冰冷的蛇身贴上裸露的肌肤的那一刹那,何钰的眼睛睁大到极致,瞳孔却瑟缩到最小。
闪电撕碎了天空,狂风大作,茂密的树叶被吹得”哗哗”作响,让人误以为雨已经下来了,正当已经分辨出树叶声和雨声的不同之处的时候,大雨倾盆而至,世界在细、密、急的重重雨帘下变得模糊不堪。
空气中充满了雨水清新的潮湿,何钰被迫平躺在床上,像一只被开膛破肚的青蛙,被丢在暴雨里,任雨水洗刷,身上的温度一点点流失。
瓷器般细腻身体上横亘着一条粗长的,浑身布满细密蛇鳞的黑曼巴,那蛇在昏暗的环境下泛着幽幽的黑色光泽。
狠厉凶残又霸气,品相极佳,爱蛇的人会为它痴狂,可何钰不爱蛇,她最怕的便是蛇,一看到蛇的图片都会下意识地引起生理不适。
更何况剧毒的黑曼巴攀在她身上,缓慢蠕动着,布满了细密蛇鳞的性器抵在紧绷的穴口,强硬撑开,并一点点劈开层迭抗拒的软肉,残虐地撑开了甬道,即使是弹性极佳的殷红穴口也被撑成一圈透明的薄肉。
粗长、坚硬,细密的蛇鳞擦着脆弱的穴肉,慢慢挺入,分叉的蛇信不停吐出又缩回,湿冷冷的,乳头应激地挺立,尖锐的毒牙就抵在脆弱的乳房上,只要轻轻用力往下一刺,何钰就会因为剧毒的汁液而死亡。
何钰浑身的冷汗都下来了,她抽着气,压抑着呼吸,不敢让胸膛颤动得太厉害,毛孔纷纷立了起来,风吹麦浪一般,一波未平一波又起。
不仅是身体,就连精神也惨遭蹂躏、碾压。
惊悚、恐怖到欲哭无泪,何钰望着惨白单调的天花板,目光开始变得游离,似乎在幻想这一切都是假的,是一场噩梦。
可蛇根刺入体内的饱胀又是如此强烈,容不得何钰有稍微的分神。
“轻一点...轻一点...真的好疼...”
苍白的嘴唇蠕动着,呢喃地说道。
下巴碰上一点坚硬,接着是分叉的蛇信舔过微张的唇瓣,蛇信那点儿尖尖在何钰舌尖上一触而过。
“啊——”
何钰浑身猛地一弹,她眼睛通红,但眼泪被巨大的恐惧吓得根本出不来,因此也无法排解过载的情绪。

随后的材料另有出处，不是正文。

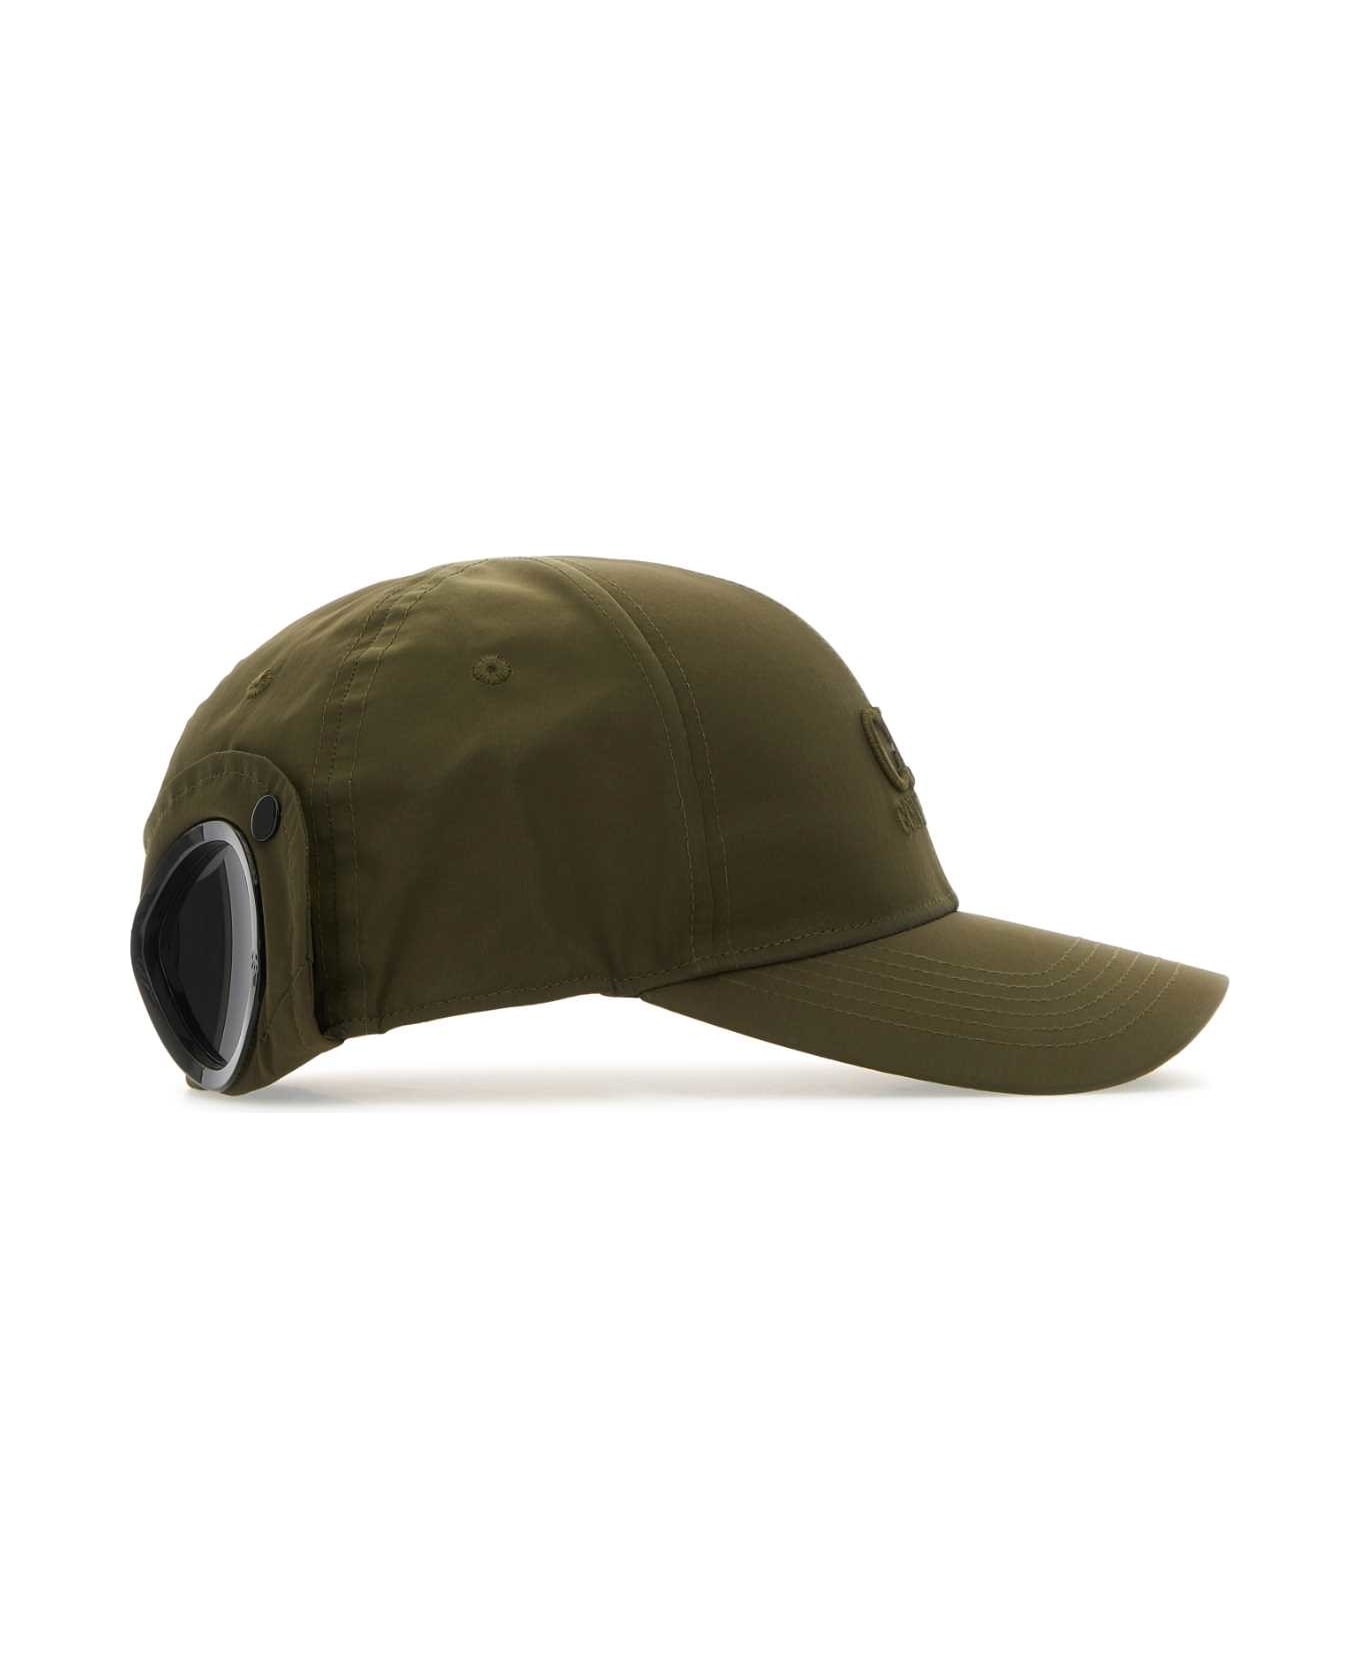 Army Green Nylon Baseball Cap - 2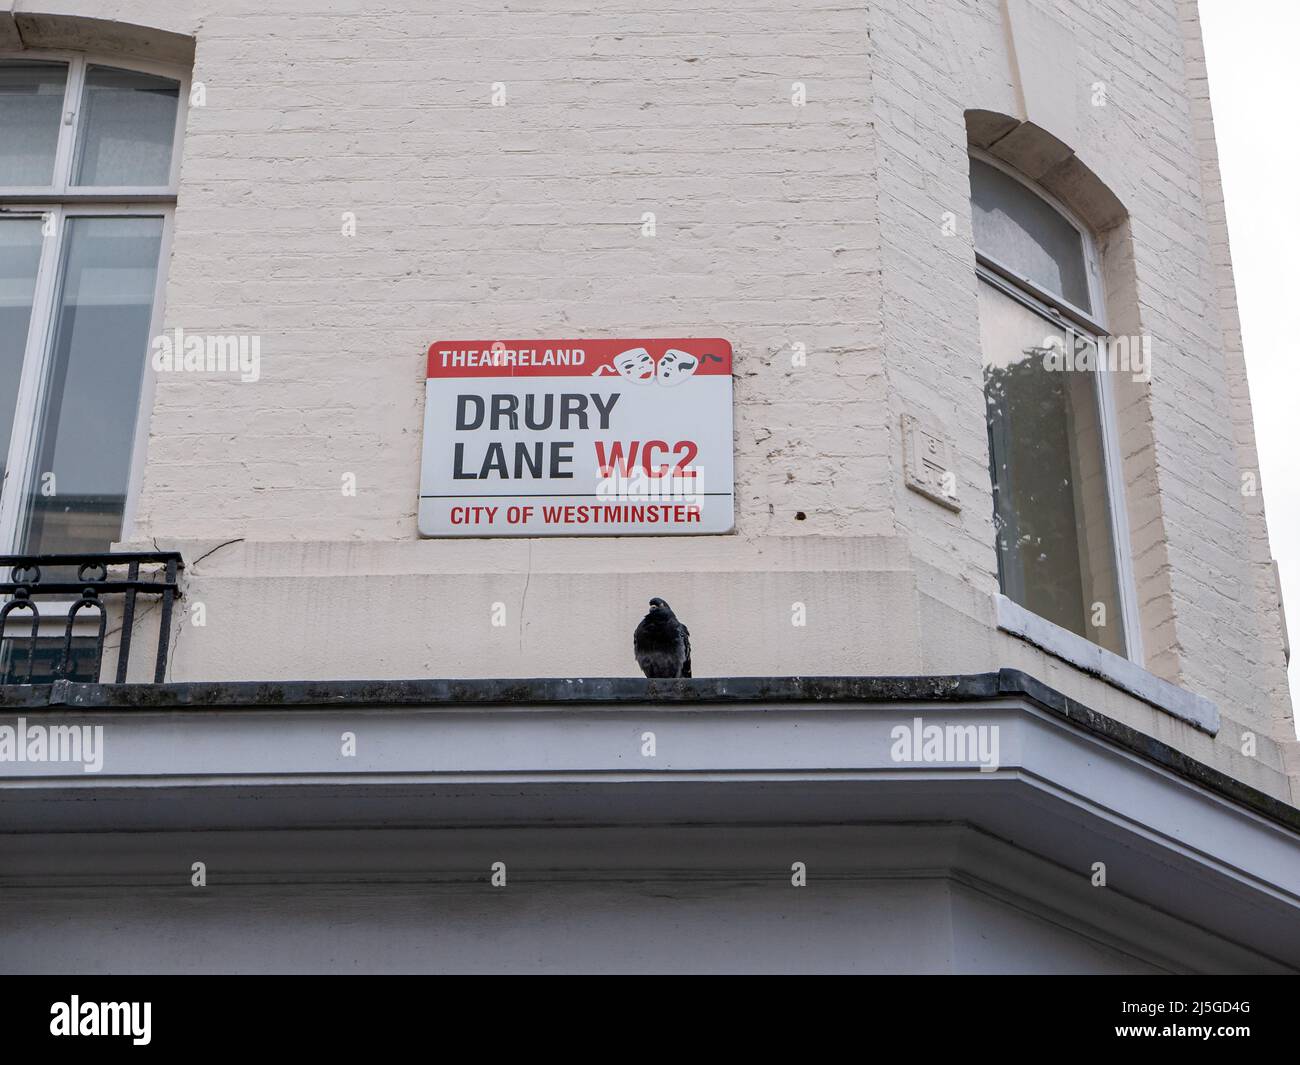 London, UK-09.10.21: Drury Lane Street name sign, City of Westminster, London, UK Stock Photo

冷汗将她的发际线浸湿,乌黑的秀发又湿又亮,像是抹了厚重的发膏。
那蛇头擦着她的脸颊,朝她颈窝移去,乳房被蛇腹压得扁扁的。
巨大的黑蛇从她腰腹攀上,蛇头扣在她颈窝,这姿势,似乎更好受力,蛇身蠕动着,将粗大的性器尽数插入。
窗外是狂风大作,暴雨肆虐,窗帘被雨水浸透,沉重地坠落,狂风也待其不可奈何,敞开的半扇窗户前,浅色的木制地板被雨水浸湿,颜色加深,与周围的颜色泾渭分明,房间里潮气蔓延,湿气过重。
背景昏暗浓郁,大床上黑色的巨蛇将一具拥有浅蜜糖色光泽肌肤的柔软女性缠得紧实,它太大了,只有从蠕动的黑色蛇身间隙中才能透出一点属于人类的肌肤。
蛇根深埋软穴,腿根被磨得通红。细长的蛇尾缠绕在一截弧度优美的小腿上,那被黑色禁锢的小腿偶尔抖动着,颤抖的喘息溢出,才能证明被蛇压着的女人并没有死去。
画面诡异惊悚,却色气满满。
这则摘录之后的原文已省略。